Over the last decade or so, General Motors has made substantial capital investments in the community where the corporation was founded more than a century ago. This includes significant upgrades at its Flint Assembly and Flint Engine operations, the Durant-Dort Factory One restoration and conversion into an archive and research center, and the construction of the all-new GM Customer Care and Aftersales facility in Burton.
Yet the automaker’s community impact extends well beyond its local business operations, facilities and employees.
“General Motors cares about the communities where we live and work and about building a stronger future for us all,” said Terry Rhadigan, GM’s executive director of corporate giving.
The company’s giving philosophy was summarized succinctly with the unveiling of the Moving Flint Forward Small Business Grant Program. The $200,000 GM-funded initiative launched last fall to expand revitalization efforts across the city’s neighborhoods by supporting local businesses and increasing the capacity of nonprofits doing vital work there to support residents. Since 2018, GM has donated more than $4.7 million to support nonprofit organizations serving Flint and Genesee County. The grants – 30, in all – have benefited a variety of organizations, from Communities First, Inc. to the Neighborhood Engagement Hub to the Water and Woods Field Service Council/Boy Scouts of America. In addition, its United Way contribution includes the $1.5 million donated toward the Flint water crisis.
The overriding mission of GM’s corporate philanthropy is “impact” or outcomes, according to Paul Eggebrecht, lead for GM’s Community Impact Strategy. “It’s about helping people,” he said. “We track the number of individuals impacted by the programming GM supports.”
In 2019, nearly 500,000 people in Michigan were impacted by GM’s social investments.
The social impact strategy rests on three pillars: STEM education; vehicle and road safety; and community development. Accordingly, long-term success is measured by more students with employable skills for STEM careers; fewer vehicle-related injuries and deaths; and more individuals with improved economic opportunity.
Eggebrecht stated that GM has 47 facilities across the United States and each plant has a local committee that drives community impact investment decisions. In the Flint area, the committee is comprised of plant leadership, who then engage with employees and contacts in the community to identify prospective and continuing nonprofit organizations to support.
GM has program officers, like Eggebrecht, for each of their focus areas who are responsible for evaluating partners based upon a four-step framework used to determine areas where GM has the most potential for impact:
- Analyze — Look at the landscape of a problem to understand root causes and existing pain points. Determine how GM as a business can uniquely contribute.
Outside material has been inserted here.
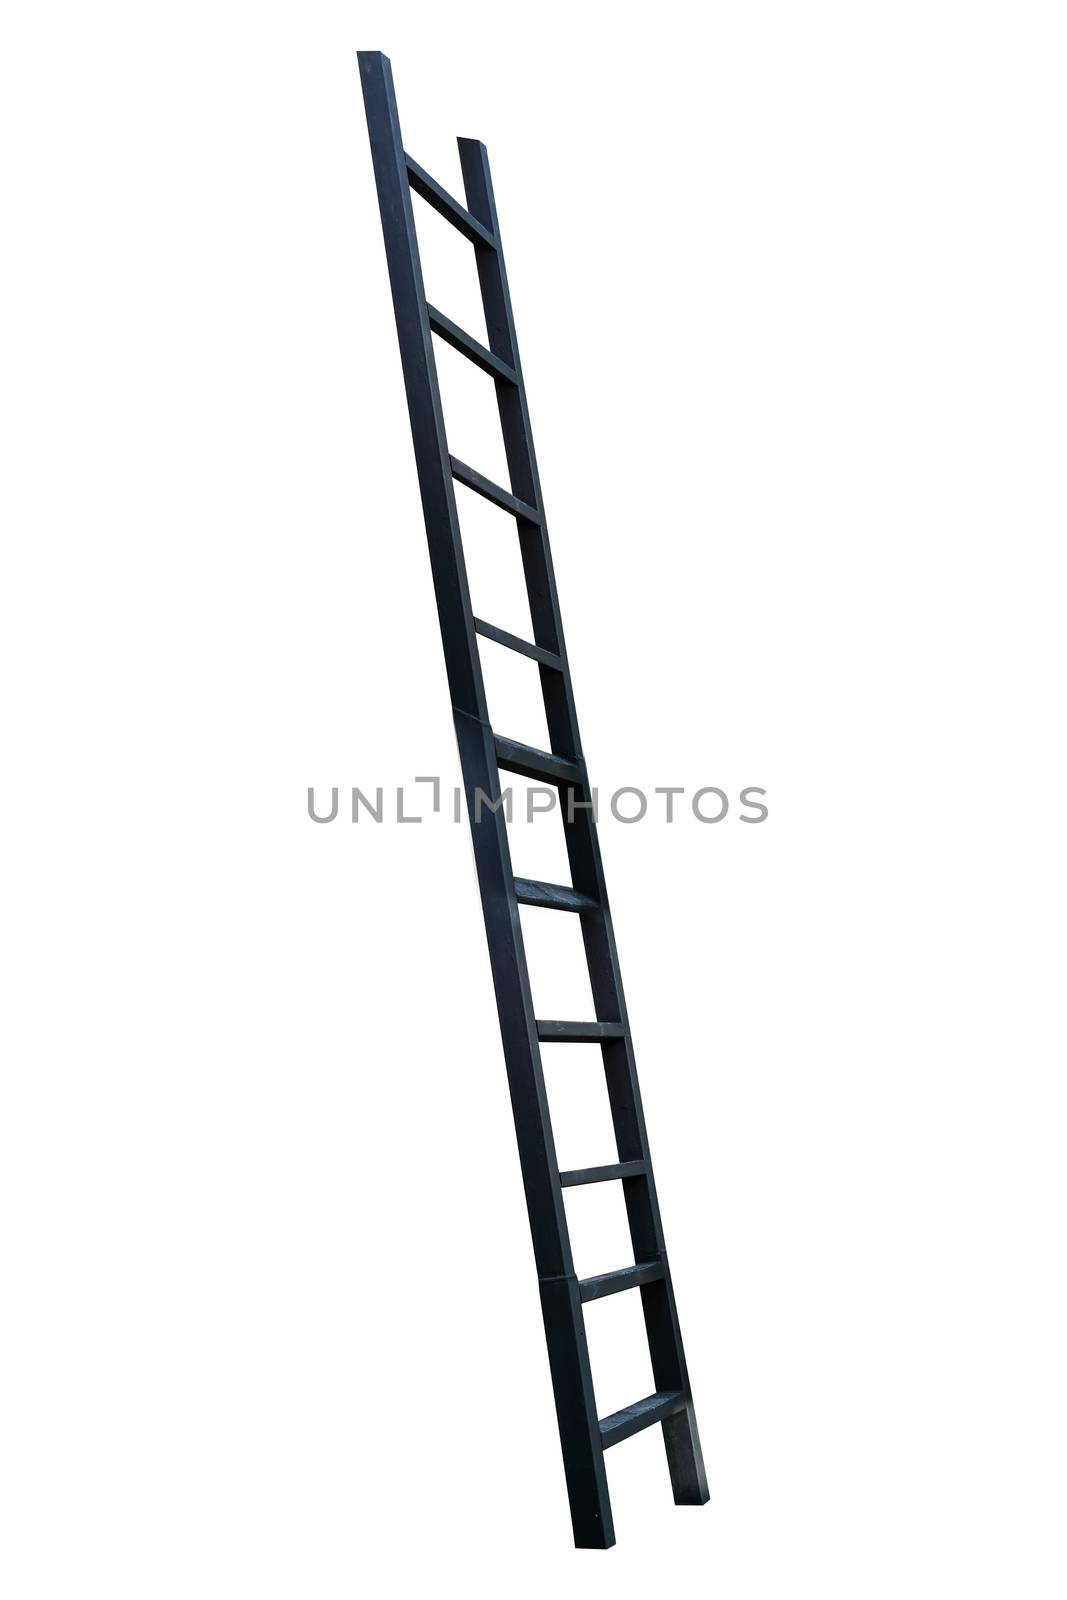 black ladder on white background by Surasak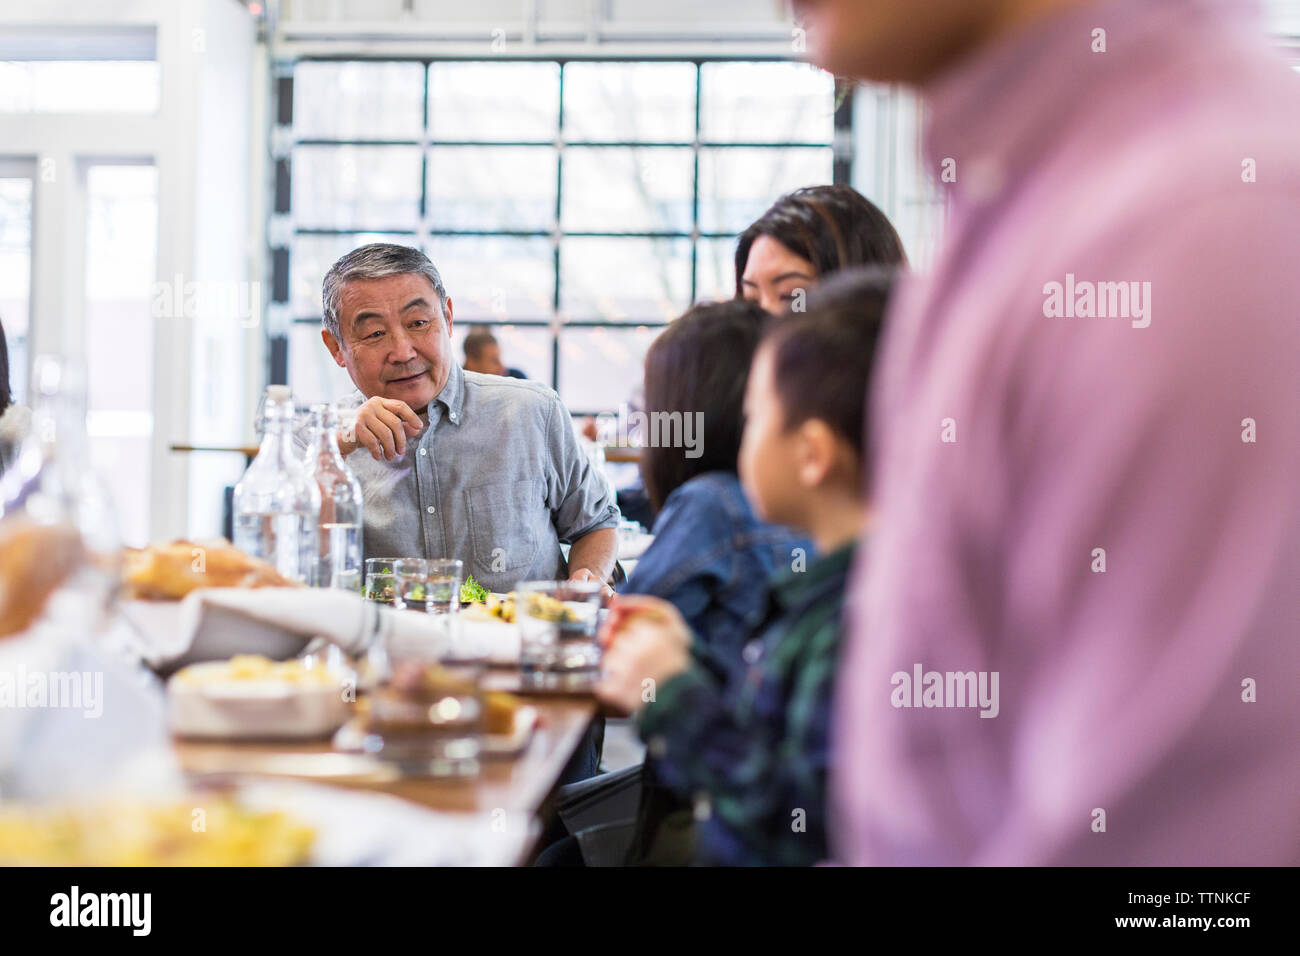 Family enjoying lunch in restaurant Stock Photo

- Assess and Align — Use a decision-making tool to determine what programs it will continue to support and scale, what new types of programs it will support and what programs no longer fit their priorities.
- Activate — Identify specific social impact outcomes and solicit programs that will help them achieve those outcomes.
- Measure and Evaluate — Quantify the impact of programs and map impact to each social outcome.
Financial donations aren’t the only way GM contributes to the community, Eggebrecht added. He also noted the significant contributions of GM employees. For example, last year 18,800 employees logged more than 181,000 volunteer hours across the U.S.
“GM employees care,” he said. “They have big hearts.”
When it comes to helping to build sustainable communities, Eggebrecht said GM’s business and community impact investments “go hand-in-hand.”